The more invasive the authentication method, the higher the call center support volume if not implemented properly. Many of the vendors we spoke to cited Bank of America's large-scale deployment of RSA/PassMark's SiteKey in 2005. Call center activity increased, and many customers resisted using this technology, which asks them to match a particular image and stores a cookie on the user's machine to identify subsequent logins.
"Our biggest impact after implementing Corillian's Intelligent Authentication system was the increased call volume into our contact center," says Eric Bangerter, director of Internet services at the University of Wisconsin Credit Union. "Some of our members had questions with how the system worked, and a few were unhappy with it and didn't appreciate the added security."
Corillian's product tracks the PC profile (IP address, ISP, country of origin) to determine if a customer is using established patterns and machines to access their bank accounts. The credit union brought the support issues under control by improving online help and tuning how it implemented the strong authentication.
"The average consumer isn't willing to invest much energy in doing stronger authentication," says Amir Orad, VP of marketing for RSA's Security Consumer Solutions Division.
Timely reports. Some products make reports available in real time, while others are more appropriate for overnight batch jobs. This depends on the particular product involved and what kinds of reports are required, along with how the system will send out its notification messages and whether the vendor maintains its own 24x7 service-monitoring center for its customers. Covelight, Bharosa and RSA's Fraud Action are all best used for real-time analysis.
"If you don't buy into the server integration approach, you have to look at the log files for anomalous or fraudulent behavior," says VeriSign's Loftus. "So how near-real time your reports are really depends on how often those logs are rolled over. If you want more real-time reporting, you need to integrate something into the server applications."

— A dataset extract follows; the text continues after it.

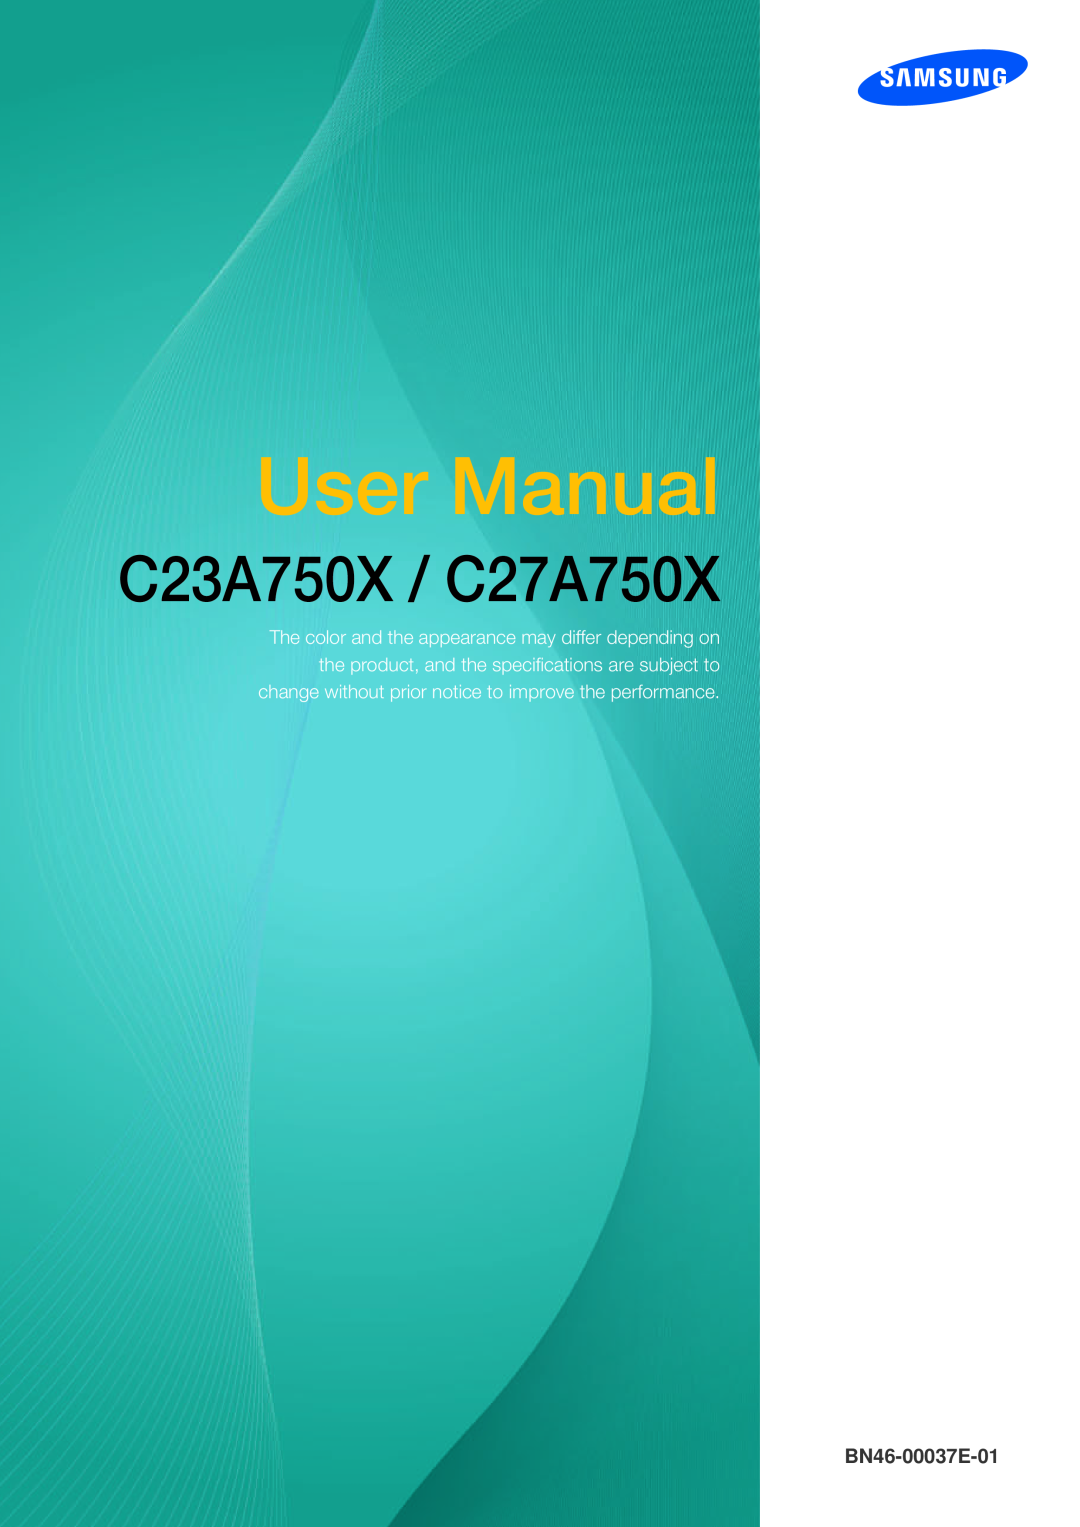 Samsung LC23A750XS/EN, LC27A750XS/ZA, LC27A750XS/EN, LC27A750XS/CI manual User Manual, C23A750X / C27A750X, BN46-00037E-01

Reconnaissance intelligence. Another issue is the ability to share fraudulent IP addresses and other information across a vendor's entire customer base, similar to how antivirus security response teams work to track infections. This opens many different possibilities for institutions to choose the appropriate solution, from the big three to electronic payment processors.
RSA leverages this omniscient view in its Fraud Action product, and VeriSign has something similar across its product lines.
"Sixty percent of all fraud attempts are being caught by just looking at this network because we have such large customers," says RSA's Orad. As another approach, CheckFree's FraudNet has teamed up with analytics partner Actimize to provide real-time fraud analysis across its electronic payments network.
Integration challenge. Finally, does the vendor offer stronger authentication, ID management and fraud detection products that work together, or can you mix and match both pieces from different vendors?
The big three are busy integrating their diverse product lines, such as having their fraud screening tools provide feedback on questionable situations so that their stronger authentication systems can provide additional challenge questions at login. Given their rapid acquisitions pace, they still have some work to do.
The smaller vendors are also working hard to connect their fraud detection systems with stronger authentication products, but working with the big three competition's products doesn't seem to be a priority.